Regarding the allegation that the Grand Egyptian Museum – currently under construction on the Cairo–Alexandria desert road – has a design featuring the Star of David, thereby not expressing Egyptian identity, Dr. Ibrahim asserted that “This argument is groundless. From a geometric point of view, it is utterly invalid. And from an archeological point of view, the formation and direction of the exhibits is yet to be conclusively decided, for those that say they will face Jerusalem. For example, some have alleged that the statue of Ramses II will be displayed in a certain fashion towards a specific direction.”
Dr.
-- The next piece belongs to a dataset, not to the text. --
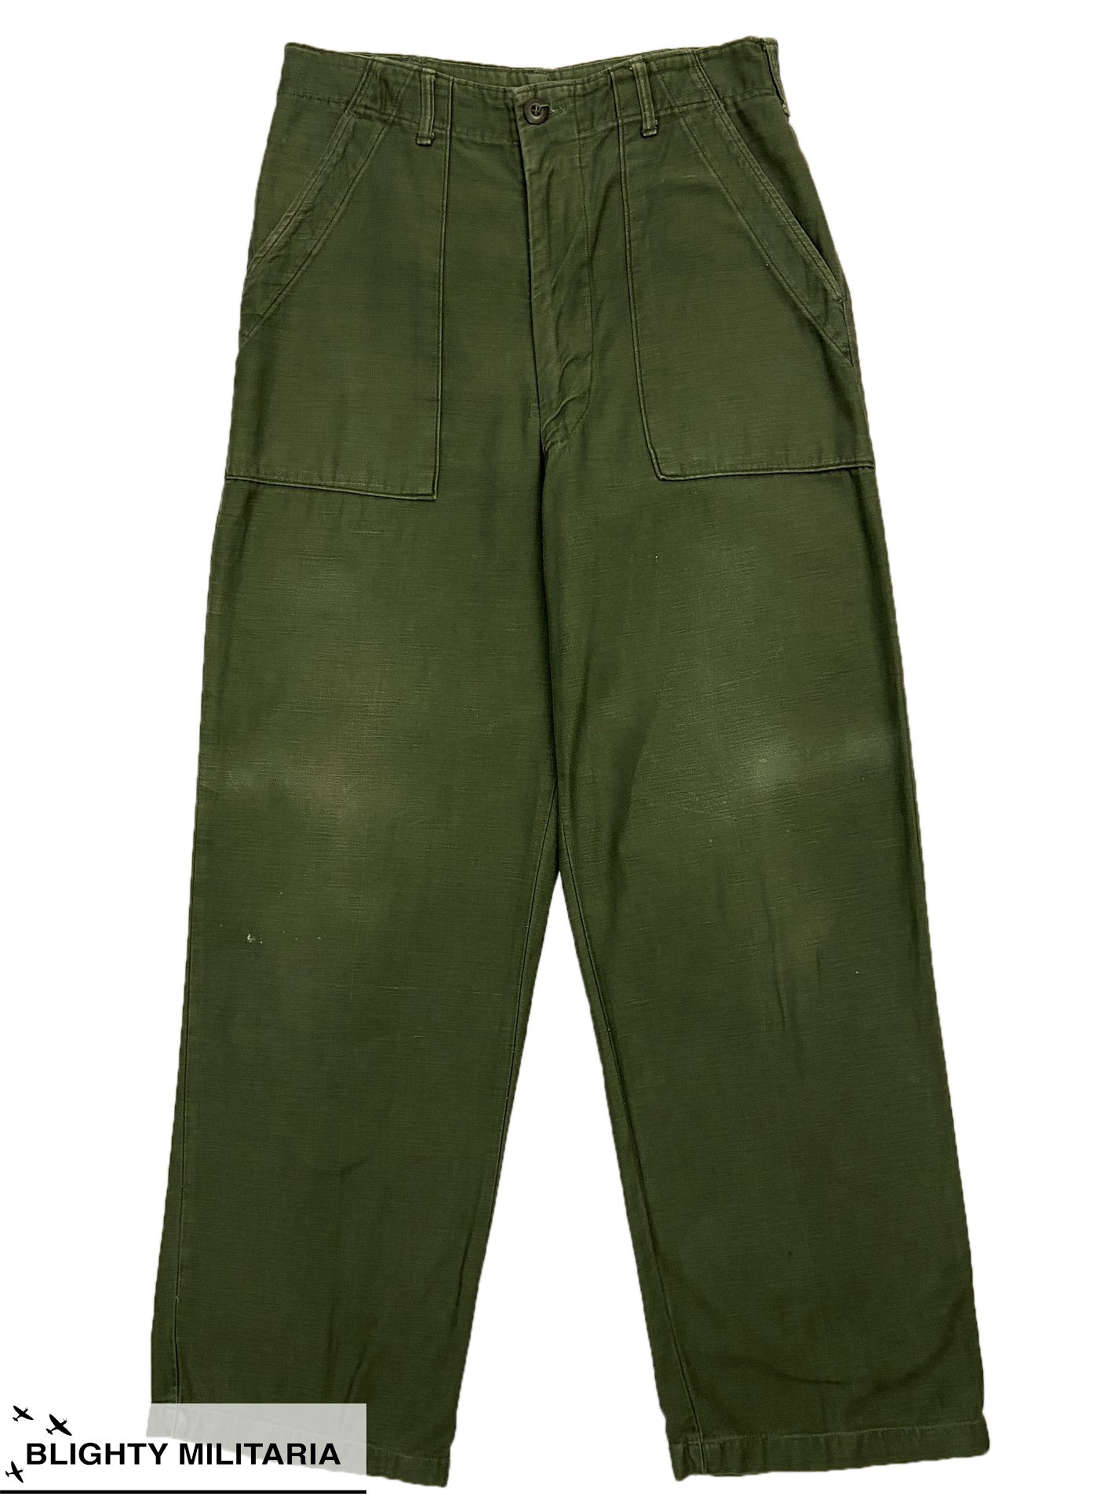 Original 1968 Dated US Army OG 107 Sateen Fatigue Trousers - 32x31

Ibrahim added that there was no prearranged plan to display the antiquities in a particular manner expressing a precise orientation. “Actually, I am amazed at the link between these claims and the argument that Ramses II is the Pharaoh of the Exodus. This is a completely baseless argument, and there is no scientific evidence whatsoever corroborating that, as I mentioned earlier.” ….
[End of quotes]
The Book of Exodus (coupled with some ancient traditions) gives the following simple scenario for the life of Moses in relation to Egypt, only three major kings:
• A new king (presumably a new dynastic ruler), who knew not, or paid no attention to, the contribution made by Joseph to Egypt. This new king began the oppression of Israel and, as a forerunner to Herod, murdered the male Hebrew children.
• A “Chenephres”, who married a “Merris”, who was Moses’s Egyptian foster-mother. He was jealous of Moses and sent him against Ethiopia with inferior troops, hoping for the demise of Moses (very much like King Saul, later, with David).
Moses, the military genius, triumphed, and was very much loved by the people.
Moses had to flee this king who sought his life over the incident in which Moses killed an Egyptian. Moses fled to Midian for 40 years, finally to be told that those who sought his life – in other words, that dynasty – were all dead.
• The stubborn and hard-hearted ruler during the Plagues and the Exodus.
We are also going to find that, at the end of that new dynasty, a female ruler took the throne for a brief period of time – presumably no males heirs were now alive.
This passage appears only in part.